May 25, 2018 · By Vaidehi Joshi & Godfrey Chan

Using Skylight to Solve Real-World Performance Problems [Part III: Code Triage]

This post is the last in an ongoing three-part series, and is a write-up of the talk we gave at RailsConf 2018. You can find the slides here, or read Part I and Part II of the series to catch up.

In Part II of the Skylight for Open Source Series, we explored how to spot problematic indexing using Skylight. In this installment, we'll dig into some hidden performance issues in another open source app: Code Triage.

An Introduction To Code Triage

Code Triage is an open source app built to help other open source projects. Popular open source projects receive a lot of bug reports, feature requests, and pull requests every day, and just reading through all of them can be a huge time sink for their maintainers. Here at Skylight, we are involved in a number of popular open source projects ourselves, so we understand this problem pretty well!

Code Triage lets you help out your favorite project maintainers by sending contributors a random ticket to their inboxes on a daily basis, which allow them to help triage GitHub issues and pull requests. That way, contributors can help split the workload, so everyone only has to do a little bit of work each day. Today, there are tens of thousands of developers who signed up to help thousands of open source projects on the site.

Running an app at this scale creates some pretty unique challenges. A quick glance at Code Triage's home page reveals some of the most popular projects and shows exactly how many open issues need to be triaged.

Code Triage cards

This can be a lot of information to render, and it can get a little slow at times. However, this is also by far one of the most popular pages in the app, since it's what everyone sees first when they visit the site.

Quick & Easy Caching

Skylight marks Code Triage's homepage as an endpoint with "high agony", which means that we'll probably get good bang for our buck if we choose to optimize it.
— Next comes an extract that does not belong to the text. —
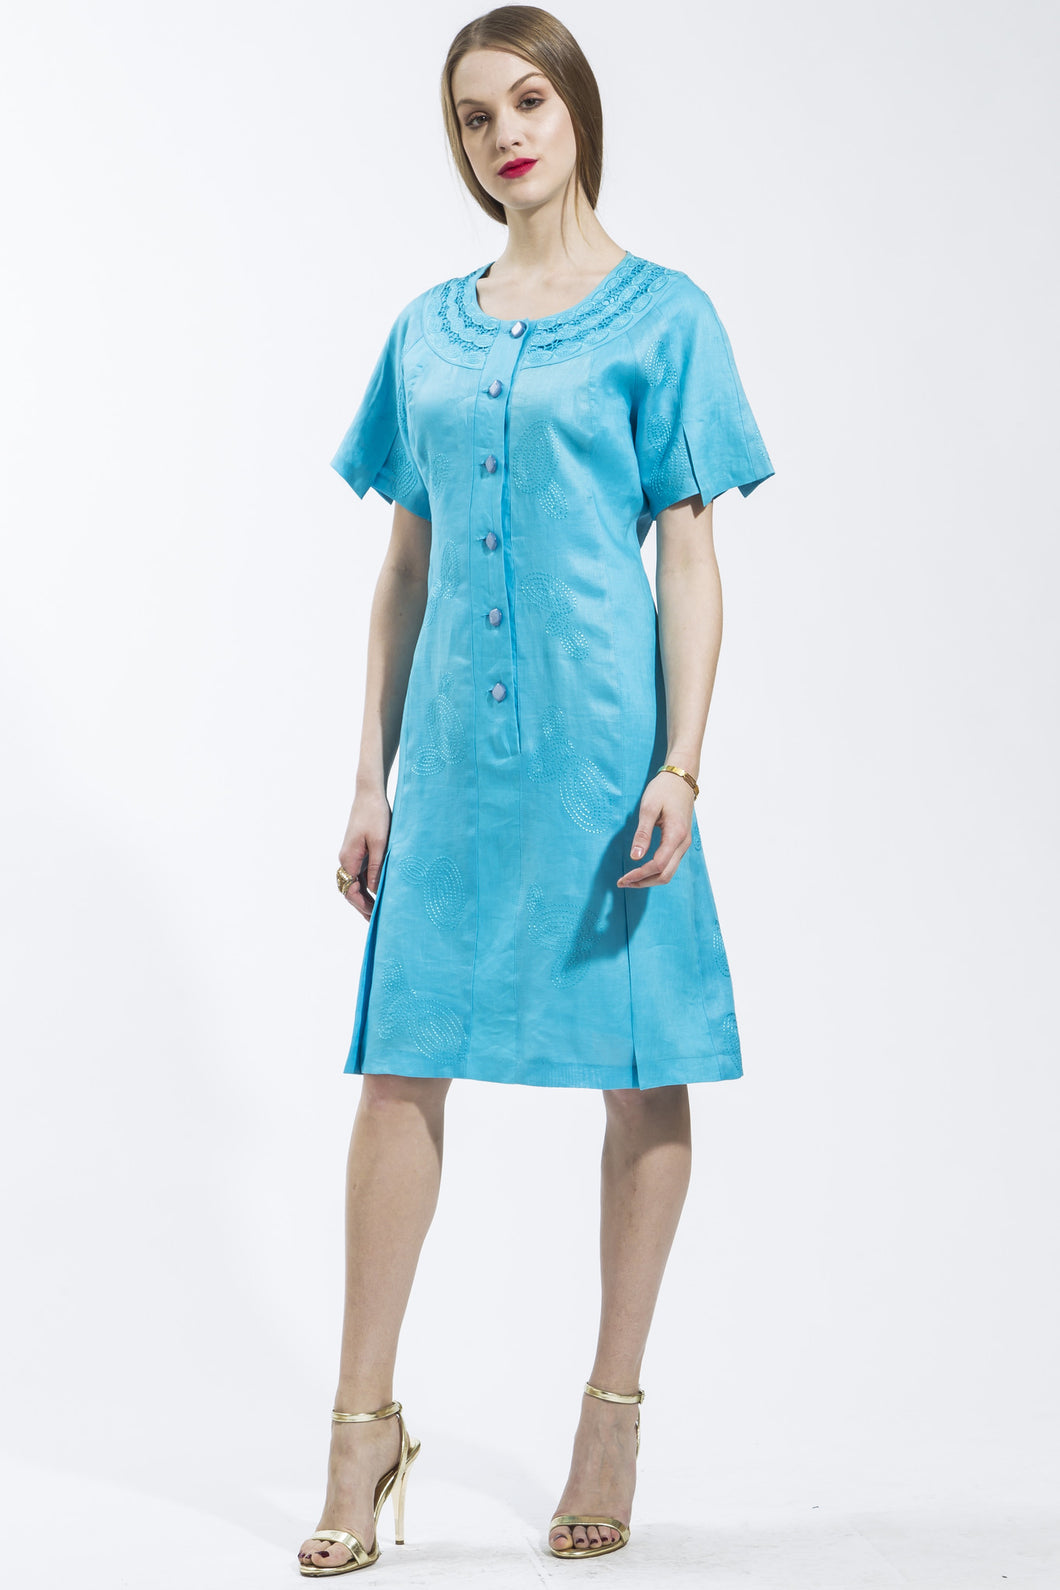 Tunic Dress (Aqua) Style # 1703

Code Triage Skylight Endpoints page

Notably, even though there's a lot of information on the home page, most of these things don’t actually change all that often, which makes this page a prime candidate for caching. But, as it turns out, a lot of performance-minded people have already done extensive work on Code Triage, so most things that should be cached actually already are!

However, when we took a closer look at this page on Skylight, we noticed that, in order to populate the <meta> tag, we needed to run two queries to fetch the counts of users and projects on the site.

It's likely that these numbers didn't need to be super up-to-date, so we implemented some caching here. We submitted a pull request to cache this information for up to an hour.

Caching Pull Request on Code Triage

After deploying this small change, we noticed that we had shaved off a little bit of time for the homepage, just as expected.

Confusing Cache Queries

Aside from the header and footer of Code Triage's homepage, most of the time spent in this request went into rendering the repository list cards.

Even the most popular project only seemed to have a new issue opened a handful of times in a day. This meant that these cards were also well-suited for caching, too. But, as we mentioned earlier, many obvious parts of this app had already been cached, including these cards. In fact, they were cached in a pretty smart way.

If you were to implement caching here using a naive solution, you would probably do something like this.

Cache example code

However, each cache call inside the loop need to read from Memcached separately. This would result in making one network request for every card that is rendered, which adds a lot of overhead.

This is sort of like the N+1 query problem, but for caching! Fortunately, Rails has provided the collection caching which the Code Triage maintainers are using to optimize this endpoint. This allowed Rails to read all the required cache fragment from Memcached in a single request, which eliminates significant overhead.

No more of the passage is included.